8.3 Methods to improve Maglev performances Ë 285For the pre-load case, the change of the guidance forces was fluctuated. The initial
value was 9.794 N, and the final value was 0.825 N, larger than the initial value. At the
same time, Fig. 8.26b shows the guidance forces variation for the S2 sample moved
across the PMG2. In the no pre-load case, the first and third values were 7.613 and
9.042 N, respectively. Then the guidance forces changed circuitously. The final force
was 9.379 N, 23.2% larger than the initial value. In the pre-load case, the curve could
be divided into three phases: increasing phase, middle phase, and decreasing phase.
The last guidance force was just 0.346 N larger than the initial one.
By comparison, the guidance forces became larger after the pre-load procedure,
too. The increase ratio was 127.43% for sample S1 and 104.56% for sample S2. At
the same measure height, the guidance forces increased with the decrease of FCH
due to the increase of the trapping magnetic field. After the implementation of the
pre-load method, the HTS bulk trapped more magnetic flux, so the guidance forces
increased, too.
8.3.2Magnetization process
8.3.2.1Pre-magnetization
It is noted that the present HTS Maglev vehicle and related optimization studies 28–34
are conducted under well-recognized field-cooling magnetization (FCM) conditions,
which is a convenient way to realize the stable superconducting levitation.
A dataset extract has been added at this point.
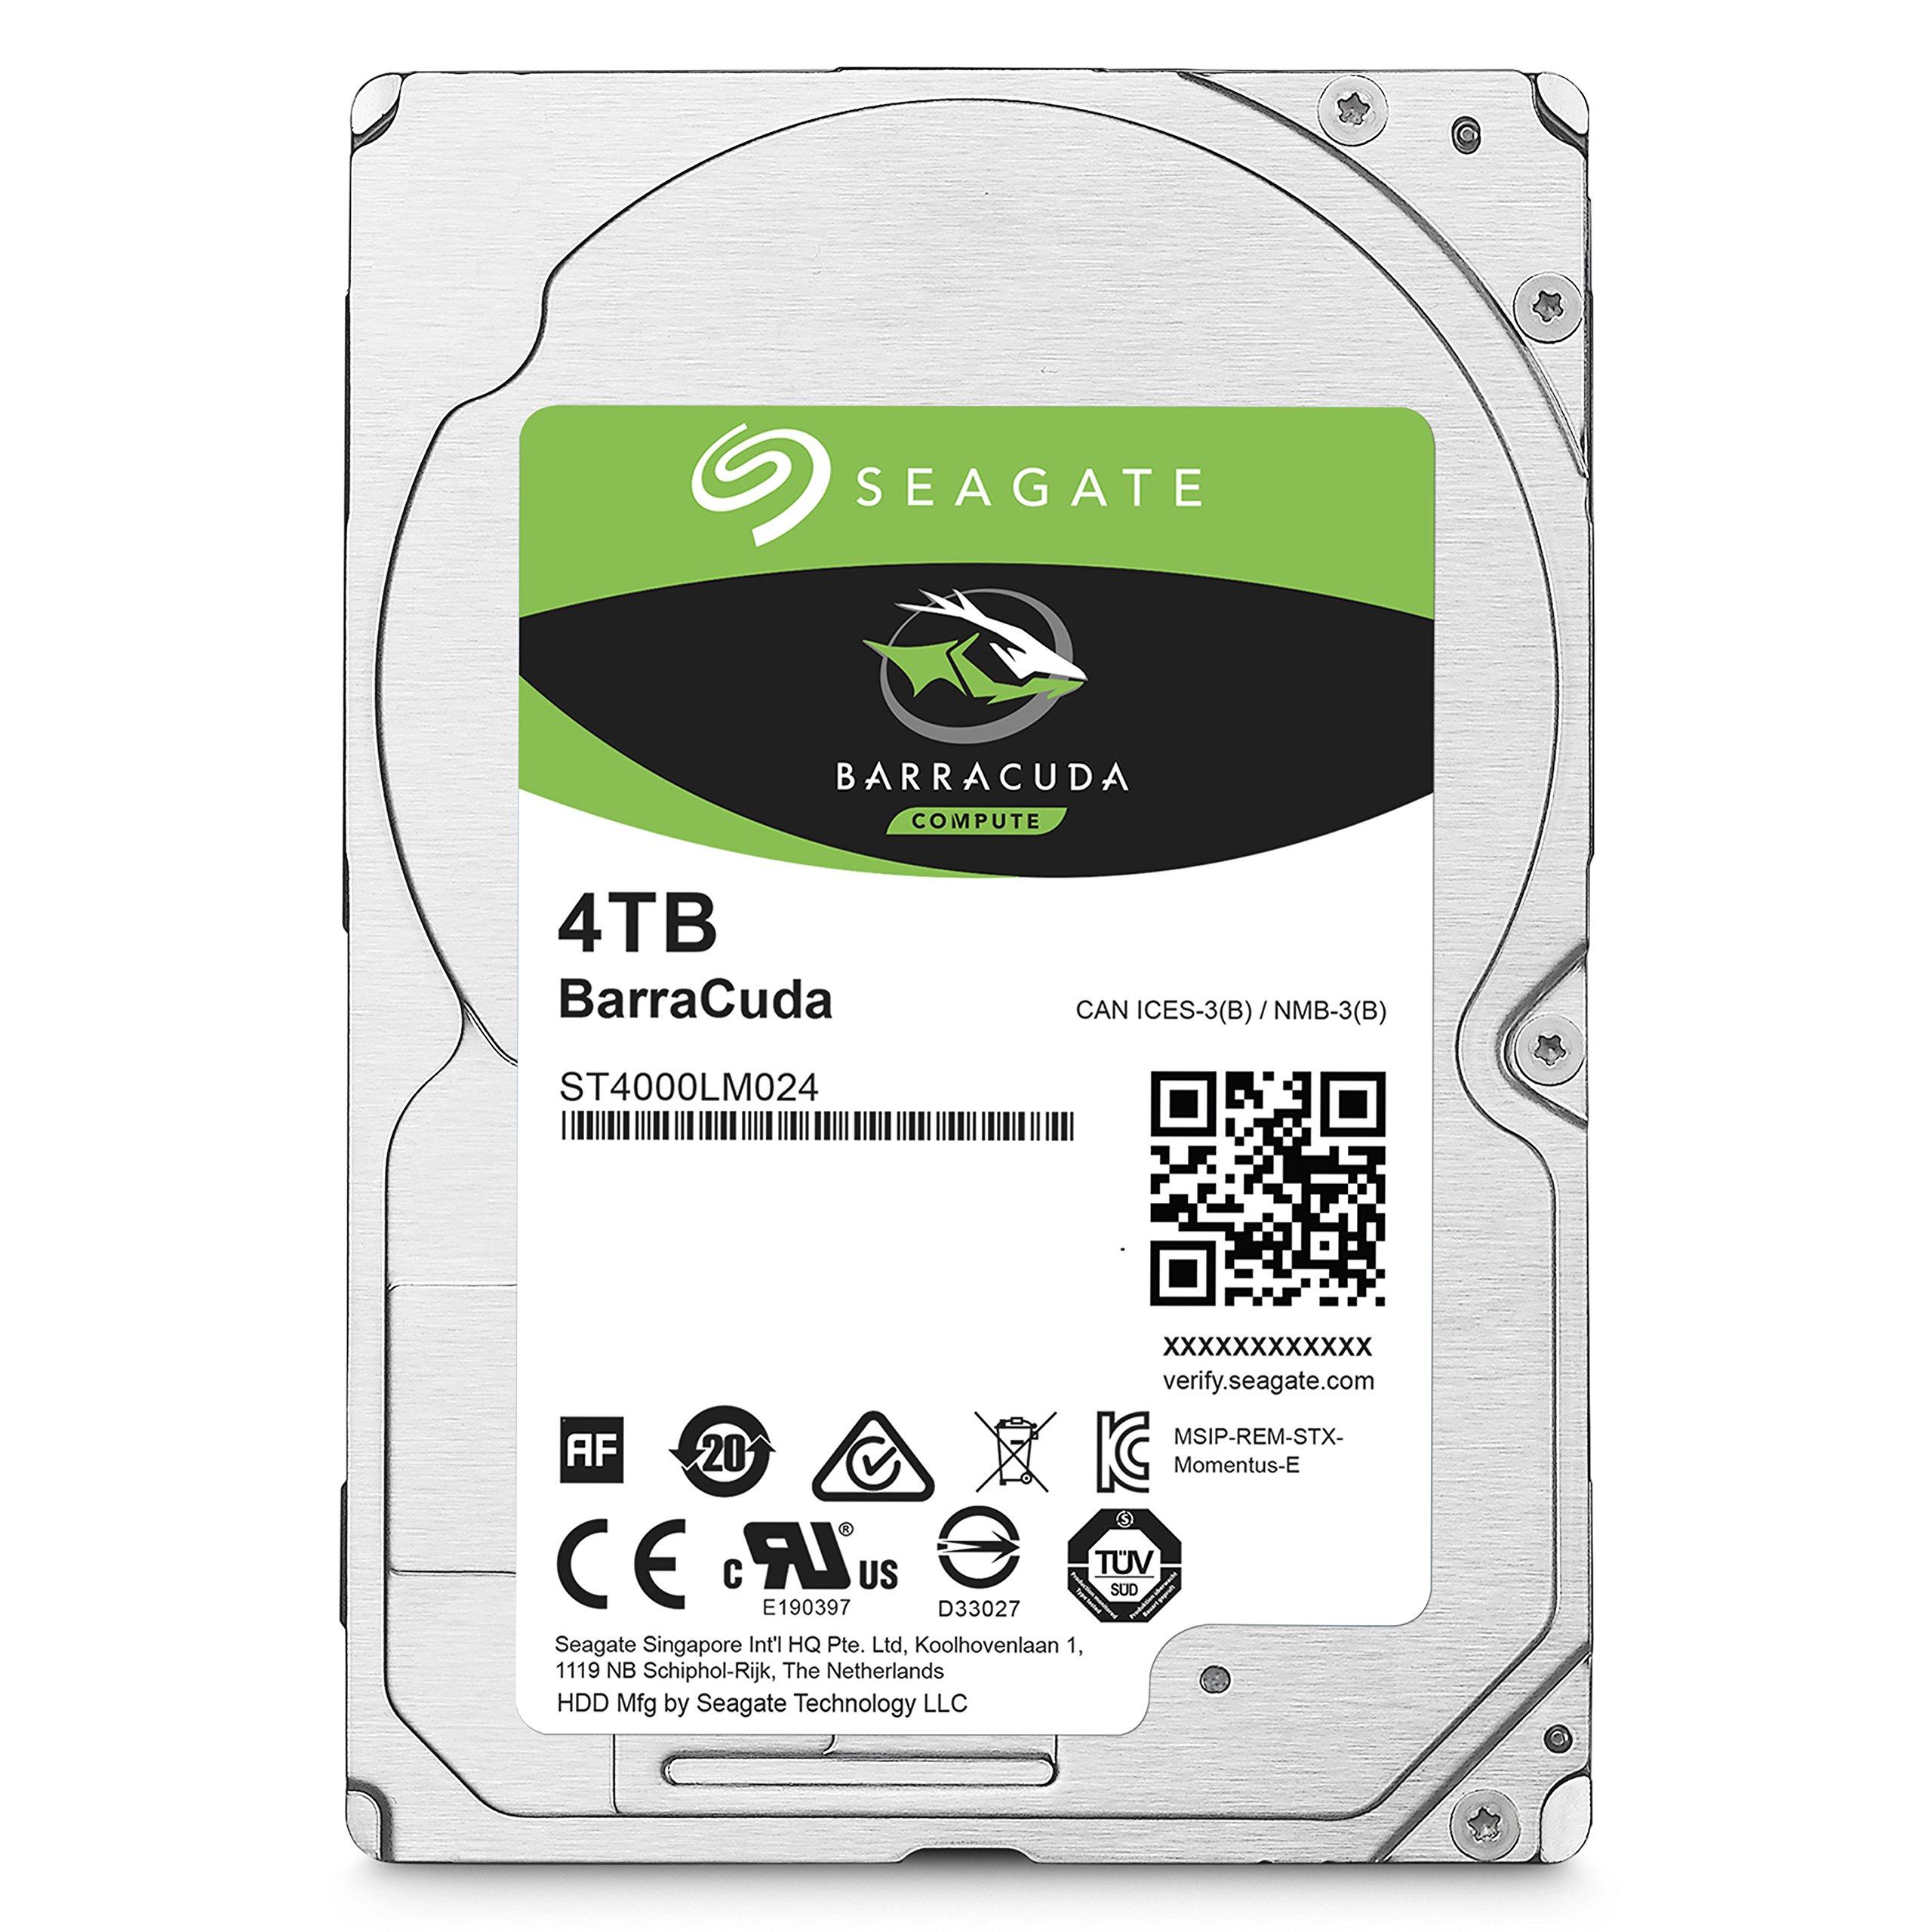 Seagate 4TB Barracuda Sata 6GB/s 128MB Cache 2.5-Inch 15mm Internal Bare/OEM Hard Drive (ST4000LM024) by Seagate

During the
FCM process, the HTS bulk stays in the same magnetic field as the magnetization field.
That is, the applied magnetic field is the magnetization field for the initial levitation
stability. Compared with the best trapped field capability of about 3.5 T at the working
temperature (liquid nitrogen temperature, 77 K), the actual utilization level of the
HTSC material is low and inefficient because the FCM field source is generally from
PM materials. Taking the first manned HTS Maglev test vehicle [5] (see Chapter 6) as
an example, the on-board bulk YBCO trapped only 0.174 T (the maximum magnetic
field density) at the applied 0.243 T PMG surface magnetic field at the 40 mm FCH.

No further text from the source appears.